START Input

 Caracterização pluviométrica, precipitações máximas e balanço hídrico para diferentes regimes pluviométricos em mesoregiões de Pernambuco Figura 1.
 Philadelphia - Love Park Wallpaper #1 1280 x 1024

END Input
START Input

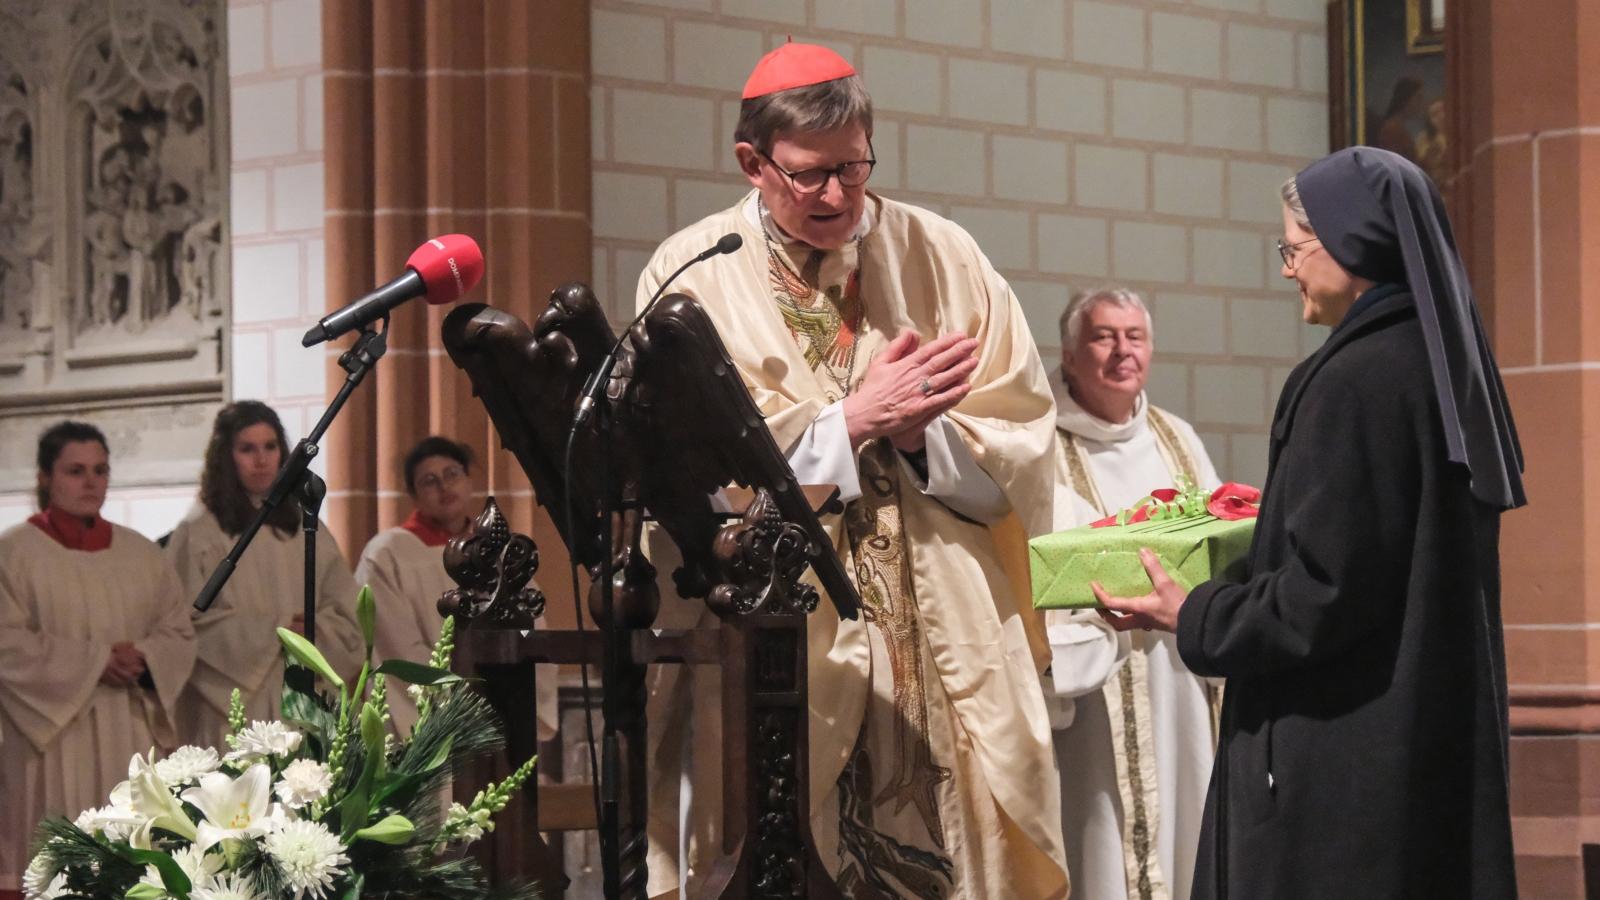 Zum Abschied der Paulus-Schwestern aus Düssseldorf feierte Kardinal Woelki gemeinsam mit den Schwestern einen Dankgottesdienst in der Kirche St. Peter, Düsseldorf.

END Input

Copy the entries above exactly, but only from the line holding "Caracterização pluviométrica, precipitações" through the line holding "Philadelphia - Love", both included.

#### Task solution
 Caracterização pluviométrica, precipitações máximas e balanço hídrico para diferentes regimes pluviométricos em mesoregiões de Pernambuco Figura 1.
 Philadelphia - Love Park Wallpaper #1 1280 x 1024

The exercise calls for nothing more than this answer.